In his first foray into business, Demir joined his father’s joint venture with Toyota in Japan directly after graduating with his bachelor’s degree in economics and international relations at Boston University in 1993. In 1996, his father died suddenly, and Demir returned to Turkey and the family business, Sabanci Holdings. A year later, Demir enrolled at Johnson.
“Johnson was a great refuge for me,” Demir said. “I had inherited a tremendous amount of responsibility from the passing away of my father. And I thought that I could be better equipped to deal with complicated things in a much shorter time frame if I attended a business school like the Johnson School.”
Overall, Demir likened his experience at Johnson to “having my brain like an open jar under this beautiful waterfall. I learned a lot, and that gave me self-confidence. In addition, I gained an awareness of how far the skills I was equipped with could carry me, and where else I would need to gain additional expertise.”
Demir recalled Professor David BenDaniel as a major influence and specifically cited two maxims he first heard in his class: “Fortune prefers the prepared mind,” and “You are the product of your decisions.” He also remembers other professors very fondly, including Seymour Smidt, Jerome Hass, Alan McAdams, Robert Libby, and many others. ”They all left a tremendous impression on me,” Demir said. In addition, he said, “I was always impressed with the ideas and information from not just lecturers and professors, but also from my classmates.
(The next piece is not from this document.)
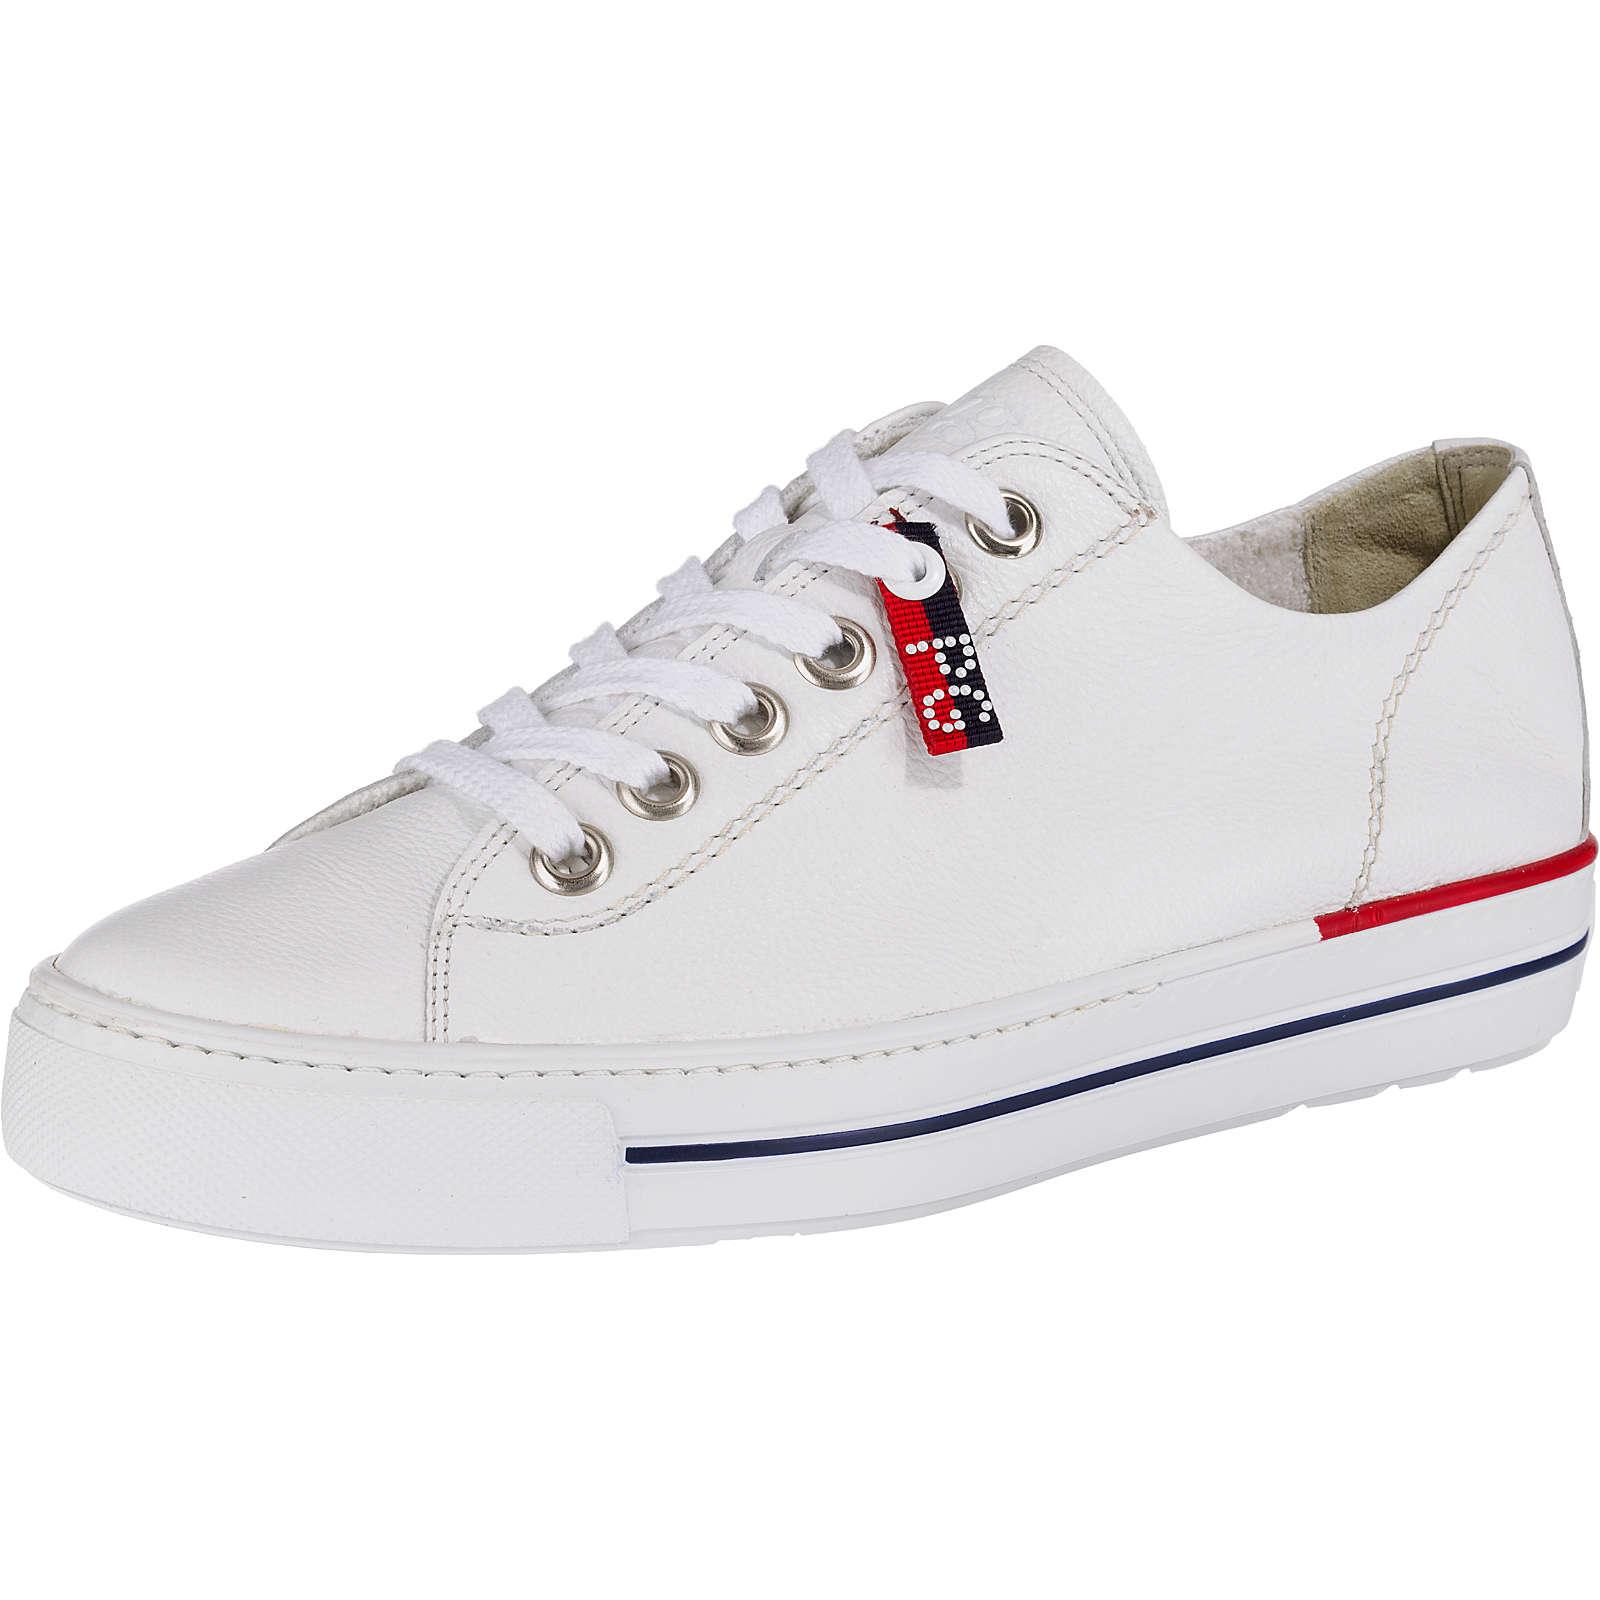 Paul Green Sneakers Low weiß Damen Gr. 40

“It was definitely two years well spent in a beautiful part of the country,” Demir said. “I made great friends from all over the world. And I met my wife here, when she was an exchange student from Bocconi.”
Now, Demir is president and chairman of Sedes Holding, an investment management firm he founded in 2002 that is based in Istanbul, Turkey, and specializes in venture capital and real estate investments. A serial entrepreneur, Demir is also a founding shareholder of several Sedes subsidiaries. Read more about him in this Profile in Leadership.
This summer, Demir and his family spent a week vacationing on Cayuga Lake and enjoying Ithaca and Cornell.